I have observed significant degradation (2-5 times slower than workstation) in terms of compress/decompress speed at DGXs (CPUs are Intel Xeon Platinum 8480C, 8570). When I reduced the number of threads, it helps, but according the doc in the below, it should be similar speed.
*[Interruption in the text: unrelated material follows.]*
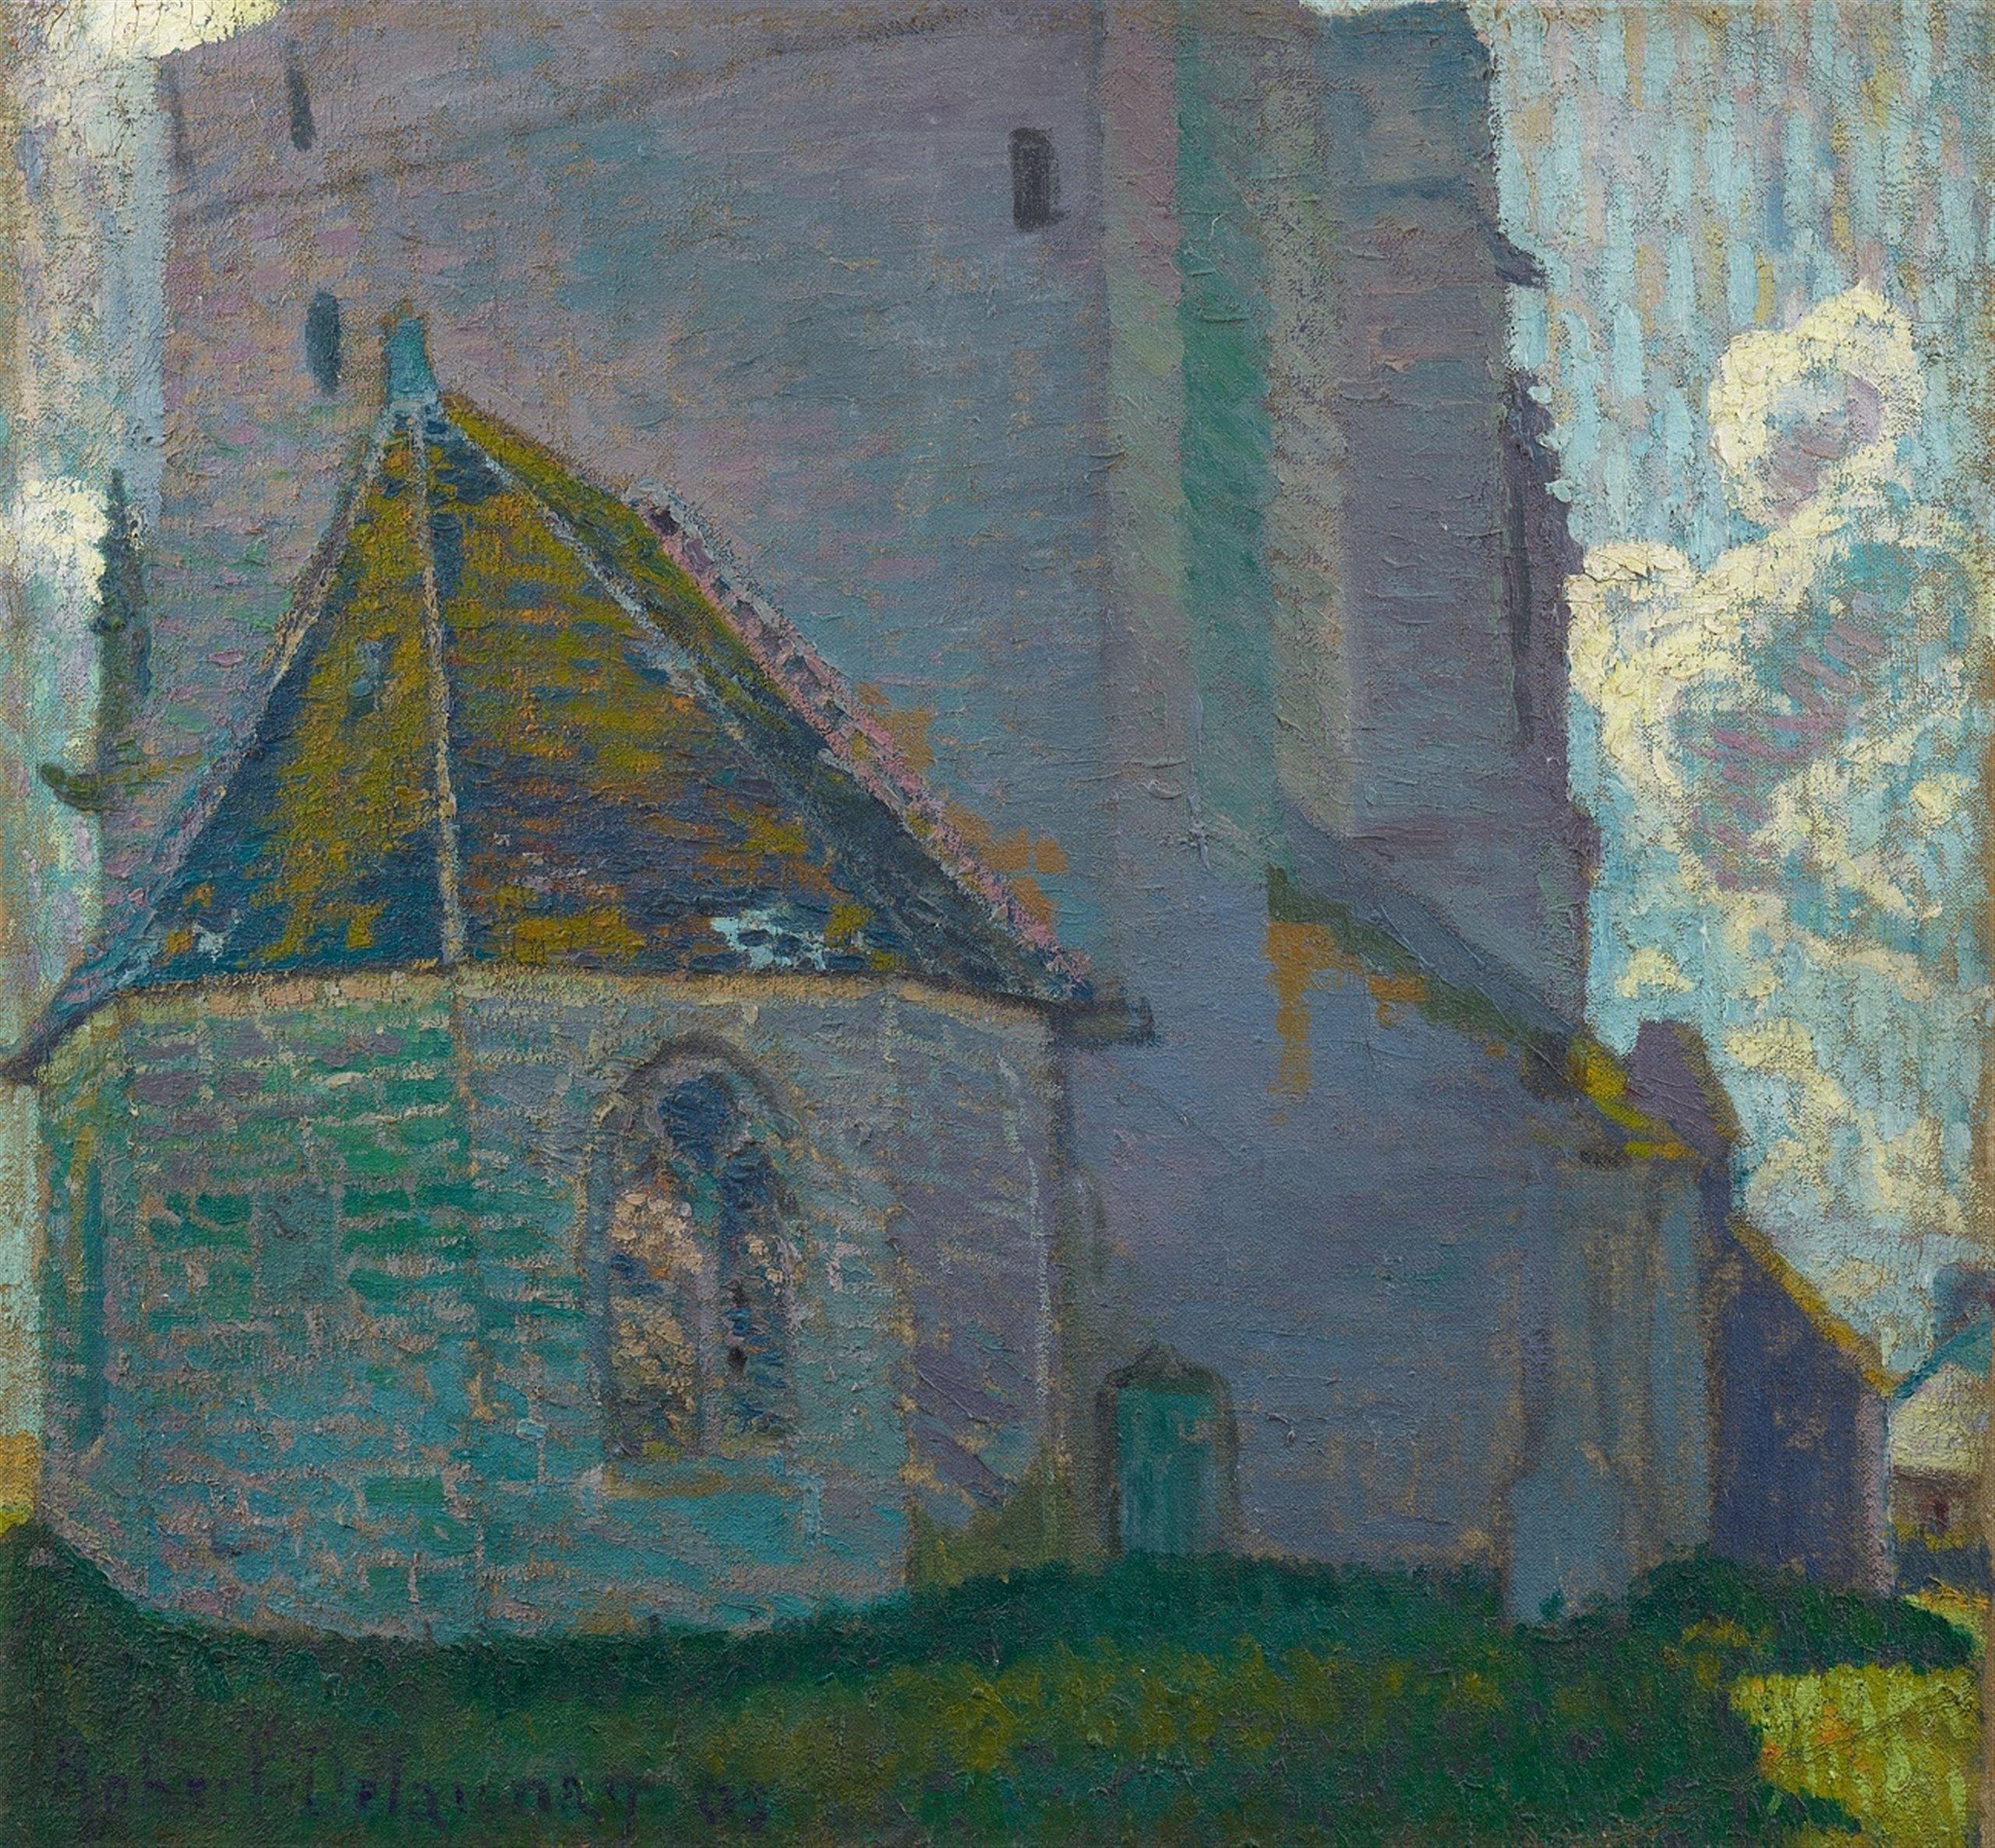 Robert Delaunay, Église, Bretagne, 1905, image ©Lempertz
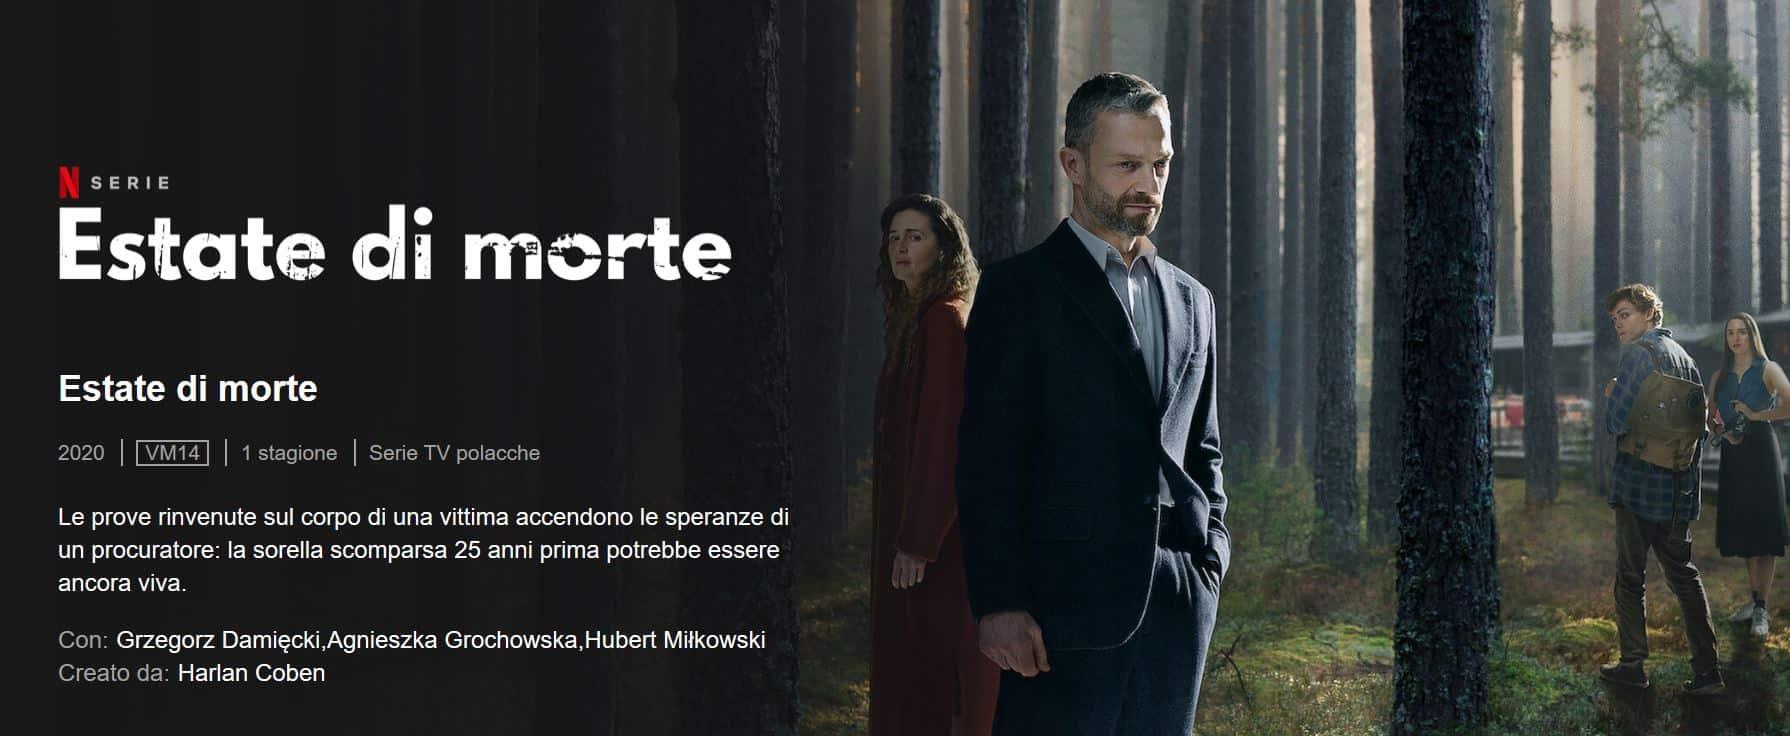 Serie da vedere su Netflix in estate: The Woods-Estate di morte consigliatissima

But it might be limited since the test size are small, 32 (blocks), 64 (chunks).

https://github.com/Blosc/c-blosc2/blob/6c16487c76895543c001e2e18605fd56c9c444d9/README_THREADED.rst?plain=1#L9

Or.. the current roadmap for 3.0, is exactly for optimization for DGX servers?  I found the below points are very relevant.

https://github.com/Blosc/c-blosc2/blob/6c16487c76895543c001e2e18605fd56c9c444d9/ROADMAP-TO-3.0.rst?plain=1#L11
https://github.com/Blosc/c-blosc2/blob/6c16487c76895543c001e2e18605fd56c9c444d9/ROADMAP-TO-3.0.rst#L13

For now, if you can clarify that blosc2 speed (compress/decompress) at DGX is slower than the speed at the most  modern workstations, that will be super helpful, and good to know information. Plus, your advice to optimize the latency with the current blosc2 at DGXs.

Btw, it seems obvious that per-core clock speed of Xeon Platinum 8480C, 8570 is weaker than workstation (AMD Threadripper Pro 5975WX).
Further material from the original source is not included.